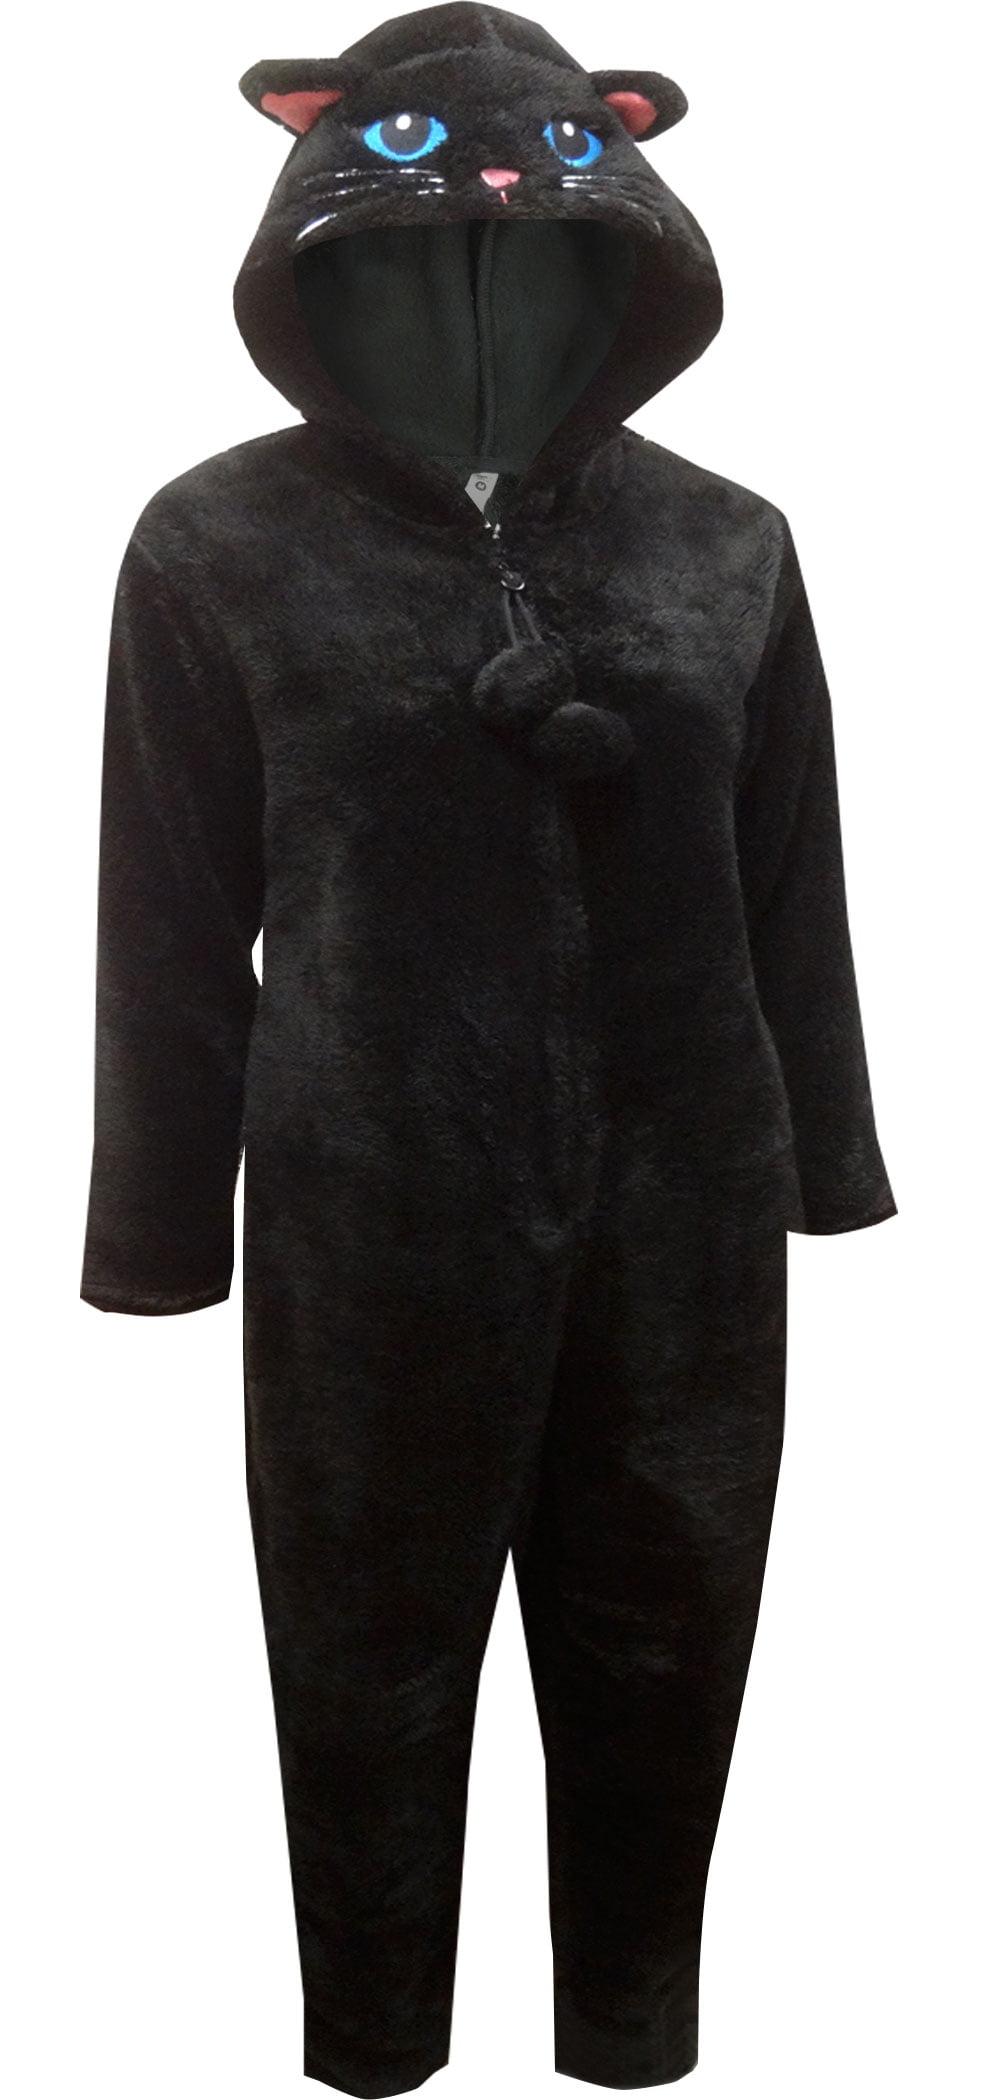 Girl Krazy Women's Plush Black Cat Onesie Hooded Pajama ...
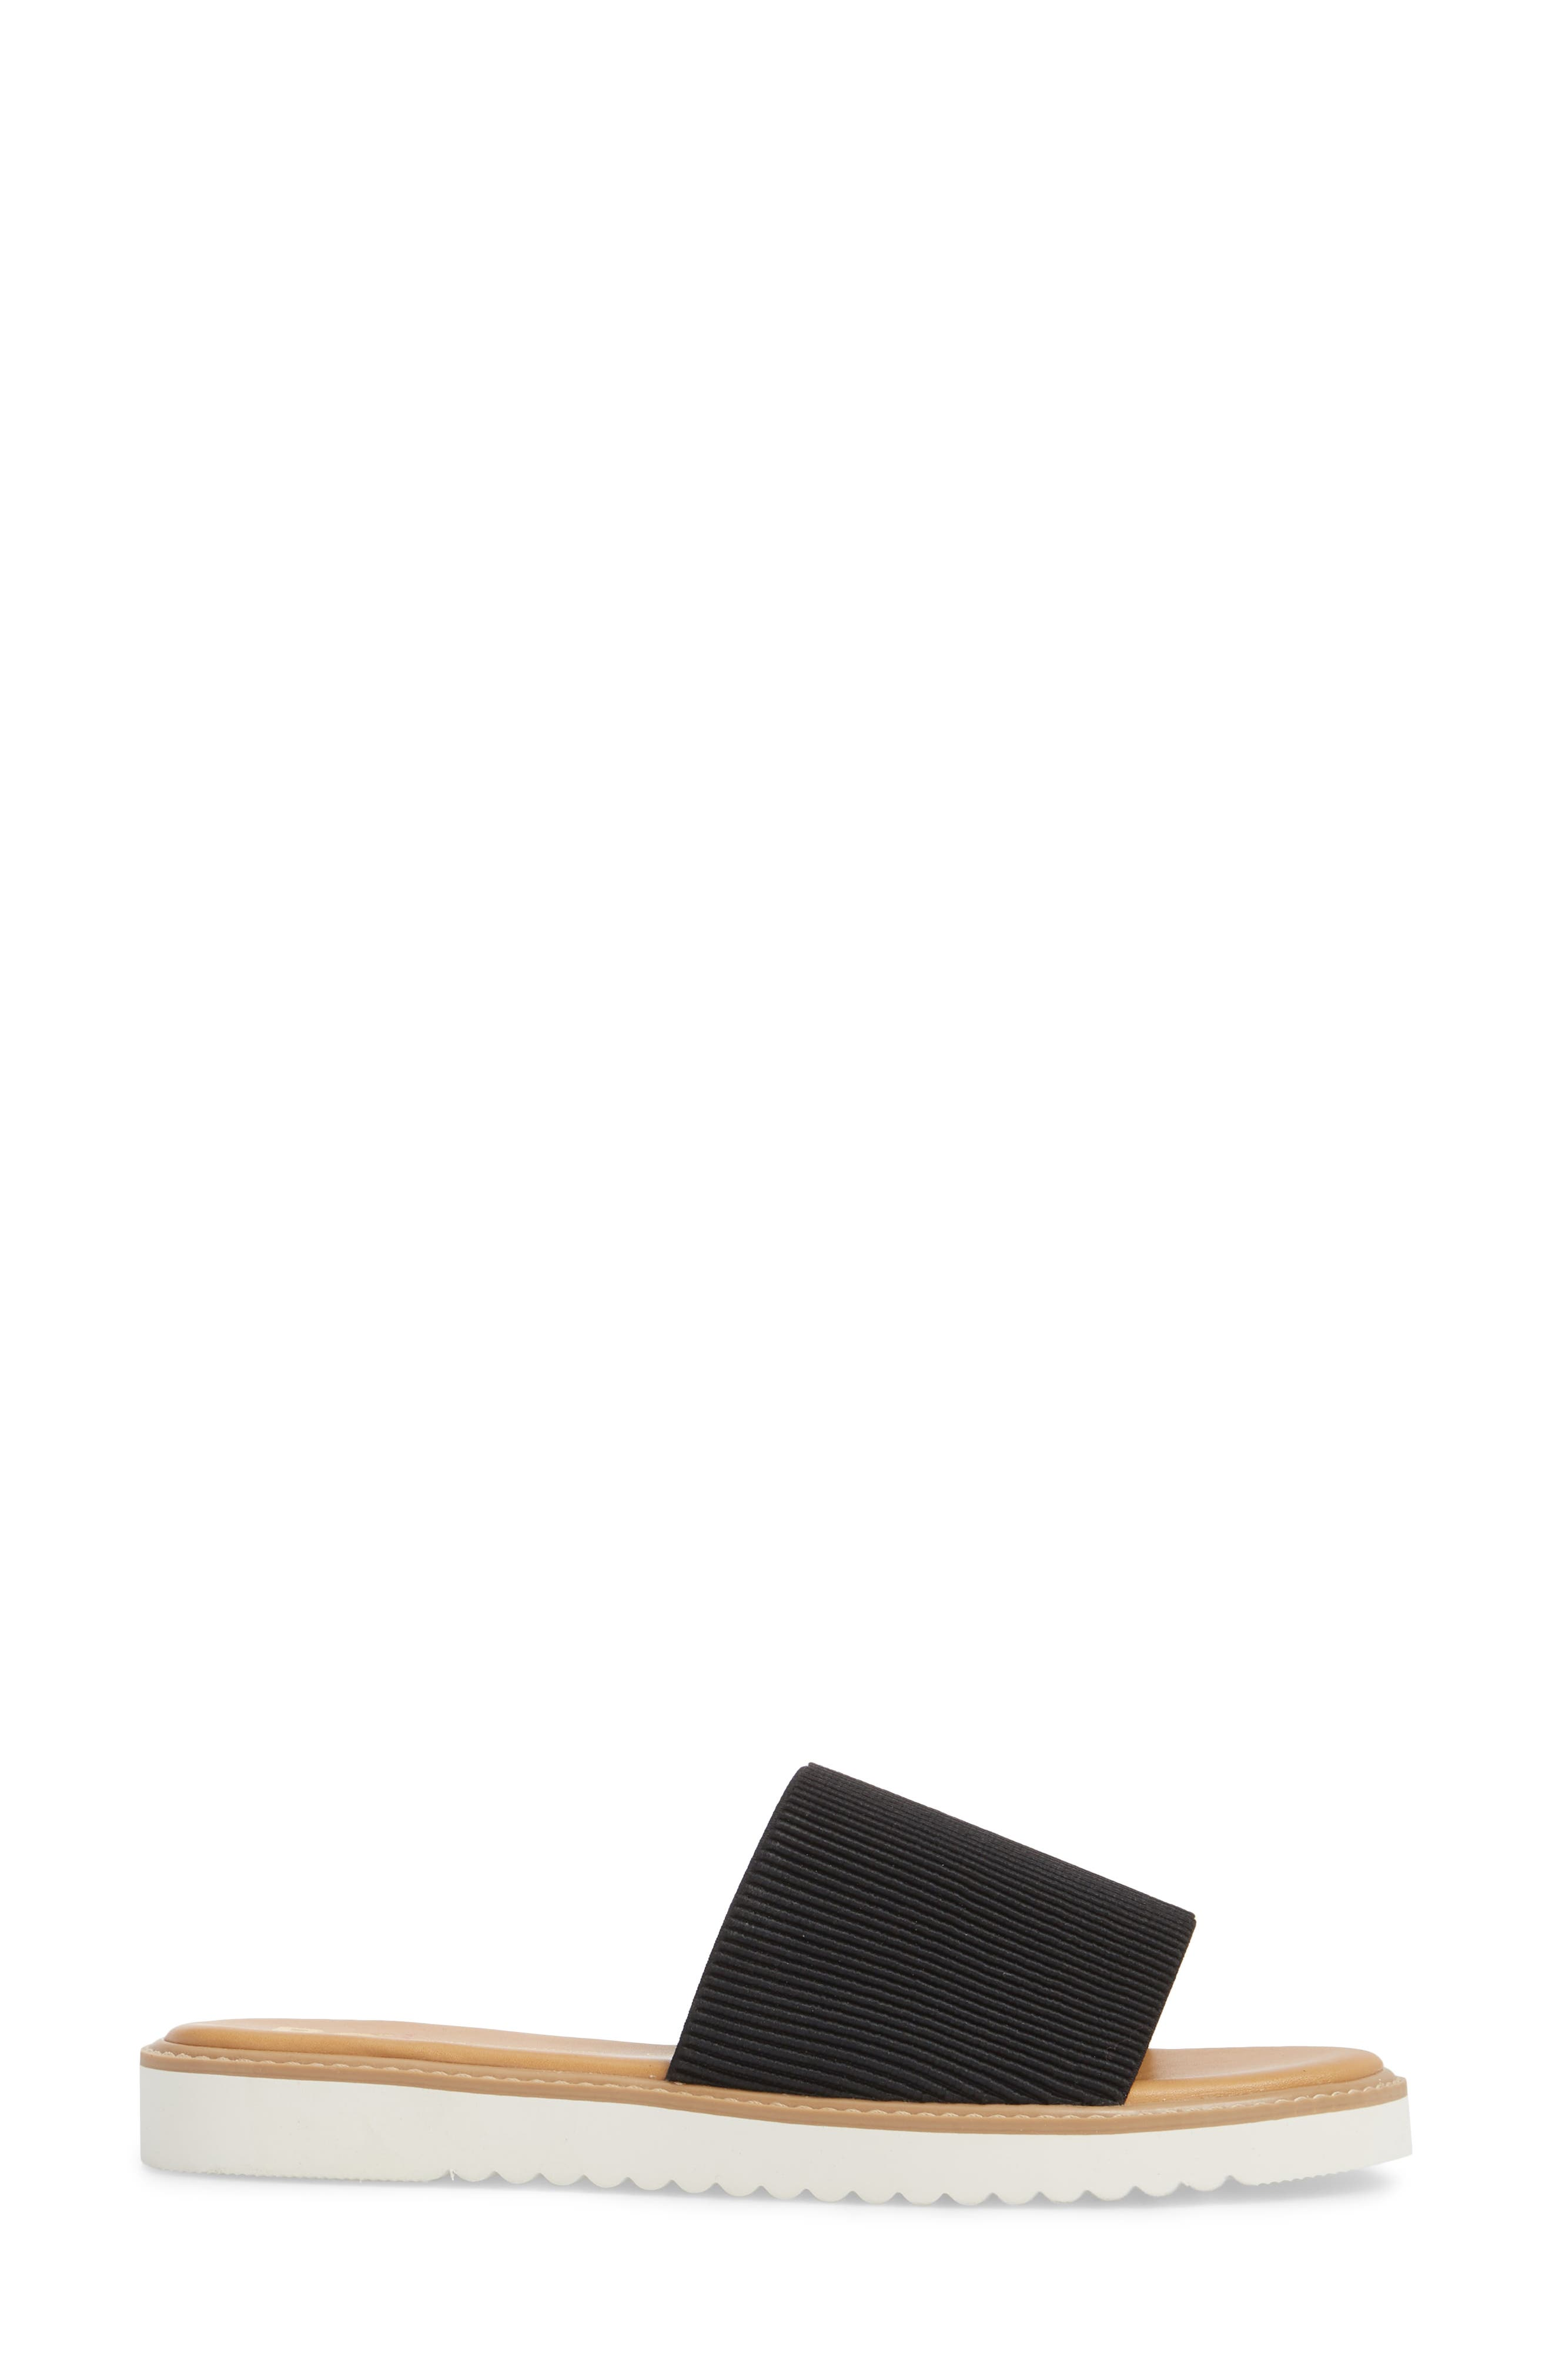 Cotton Candy Slide Sandal,                             Alternate thumbnail 3, color,                             001
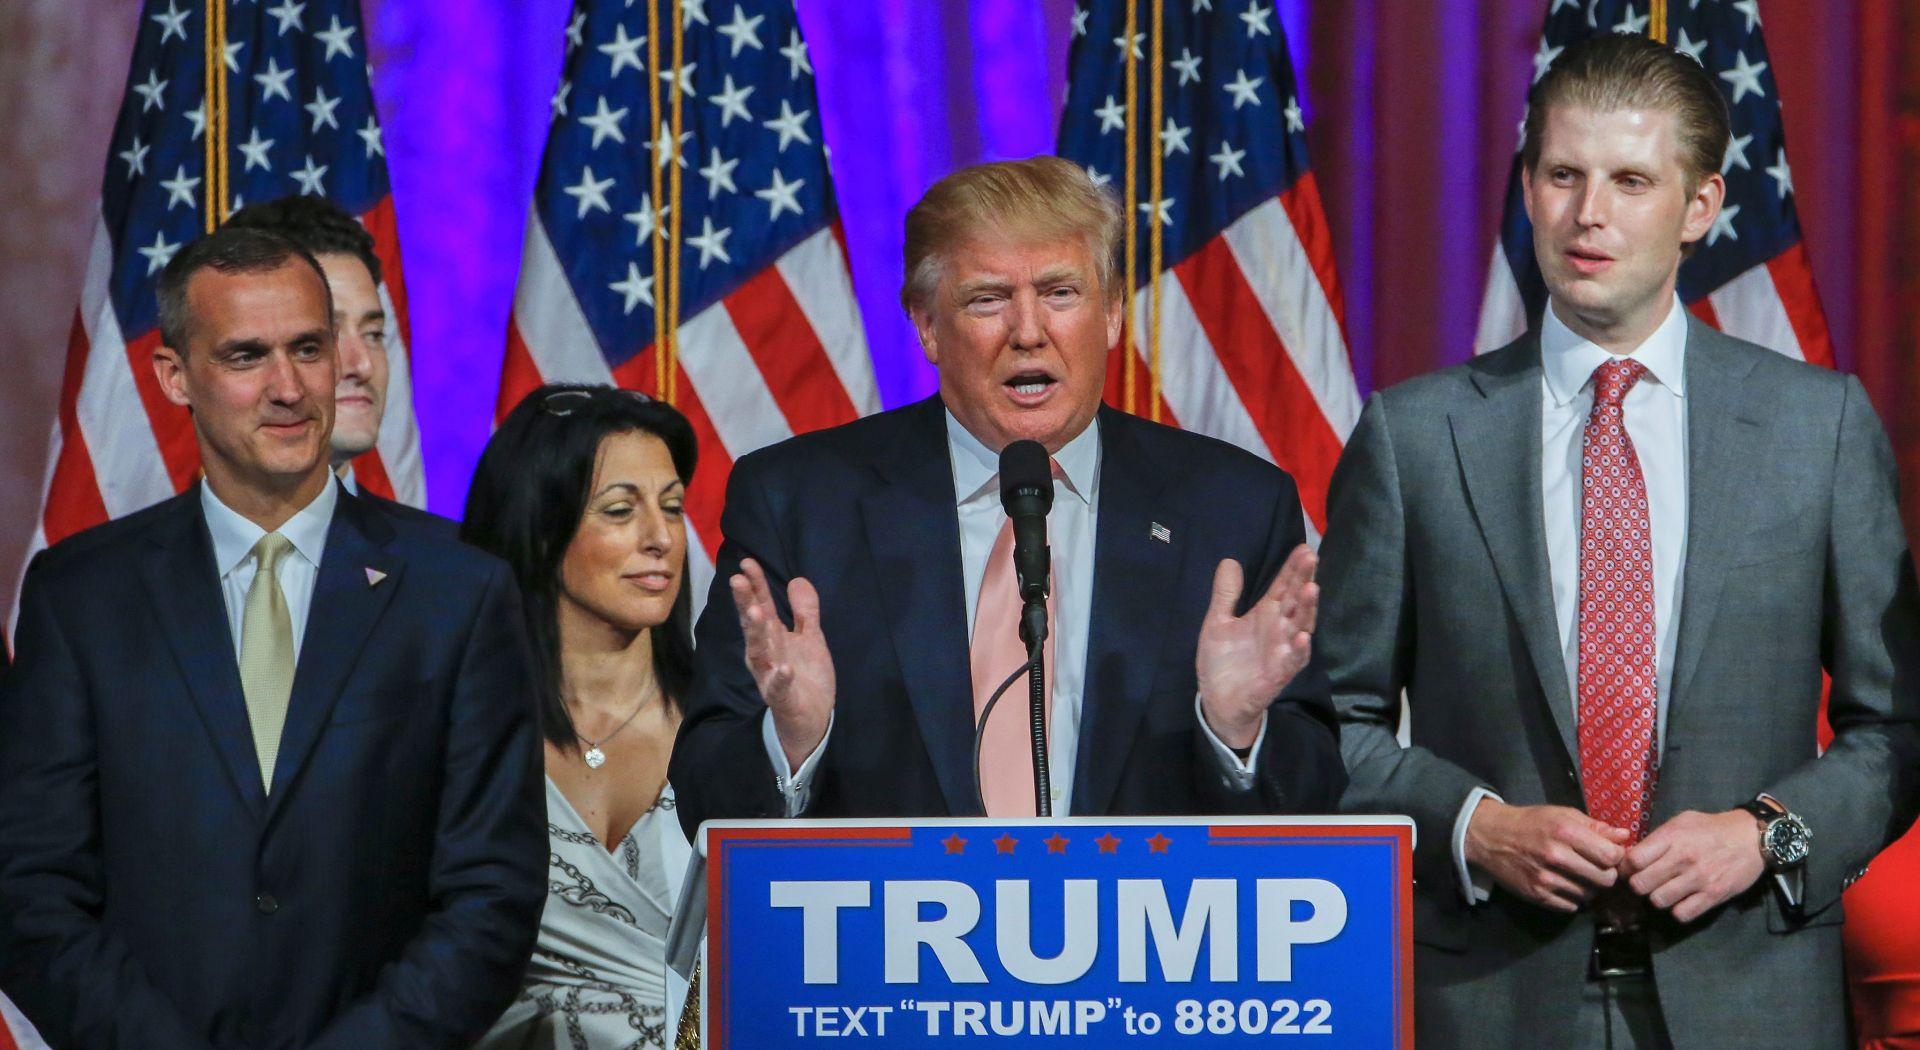 TRUMP Kasich bi trebao odustati, ionako ne može skupiti dovoljno delegata

● Work order
Output precisely the lines in the material above from the line containing "Cotton Candy Slide" through its last line, and omit pictures.

● Expected output
 Cotton Candy Slide Sandal,                             Alternate thumbnail 3, color,                             001
 TRUMP Kasich bi trebao odustati, ionako ne može skupiti dovoljno delegata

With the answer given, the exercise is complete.